The dead cannot strike a deal so the living did. To bail out those who led the massacre of Sikhs in 1984. One witness was offered Rs 25 lakh to forget or not name the men who led the mob that killed 12 members of her family. She refused to give in. She was beaten and constantly threatened but she didn’t yield.

But some others did. They turned hostile one by one. Those who stuck to their deposition were left to fend for themselves, with neither the protector nor the adjudicator finding anything amiss. Congress leaders HKL Bhagat, Jagdish Tytler and Sajjan Kumar were let off, due to the behind-the-scenes machinations that included allurement and intimidation. And the not-so-subtle threat of a 1984 redux. Democracy and justice lay shamed.

Investigations reveal that in almost all cases, deals were struck to win over witnesses. In Bhagat’s case, Rs 25 lakh was offered to a witness. In Tytler’s case, a week after changing his statement the prime witness went abroad for a year and the second witness is still in the US. There were threats to their lives as well and a prominent Sikh leader was involved in pressurising the witness to say Tytler didn’t lead the mob.
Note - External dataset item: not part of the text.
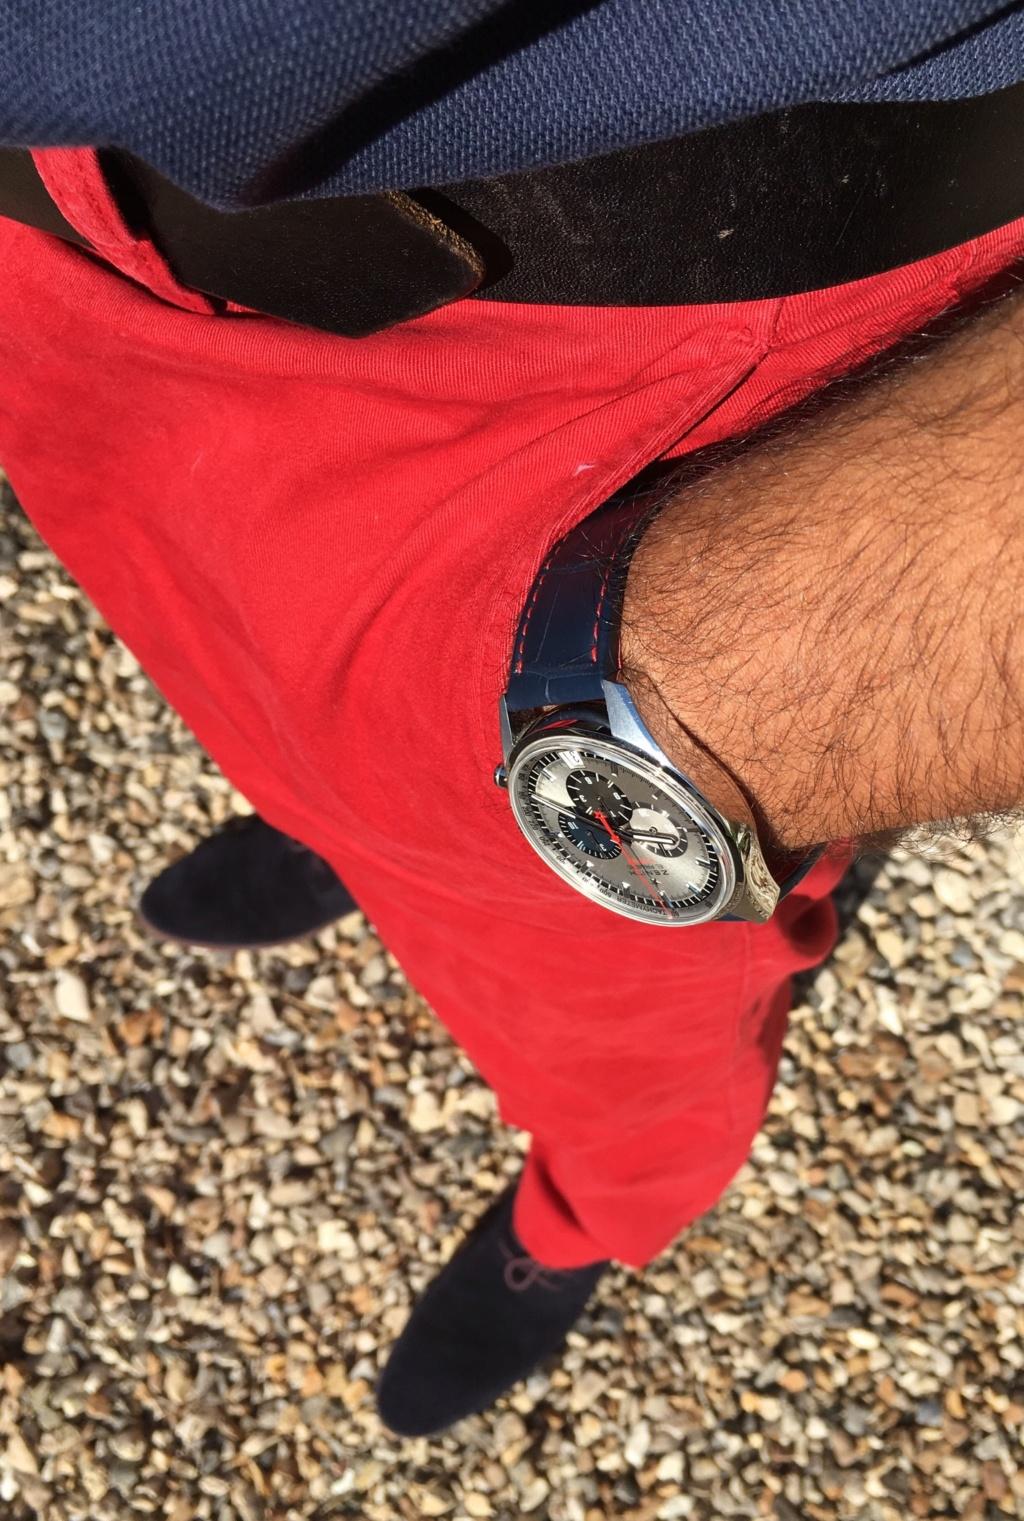 Le wrist-pocket-shoe wear topic multi-marques [tome IV] - Page 4 C9138210

Further sensational disclosures were made that a prime witness, who turned hostile, against Sajjan Kumar was taken to the Congress leader’s residence. Some of these witnesses enjoy a lavish lifestyle and their families misled Tehelka about their whereabouts. Our investigations uncovered the network of middlemen who struck dubious deals to win over witnesses, subvert the truth and derail justice.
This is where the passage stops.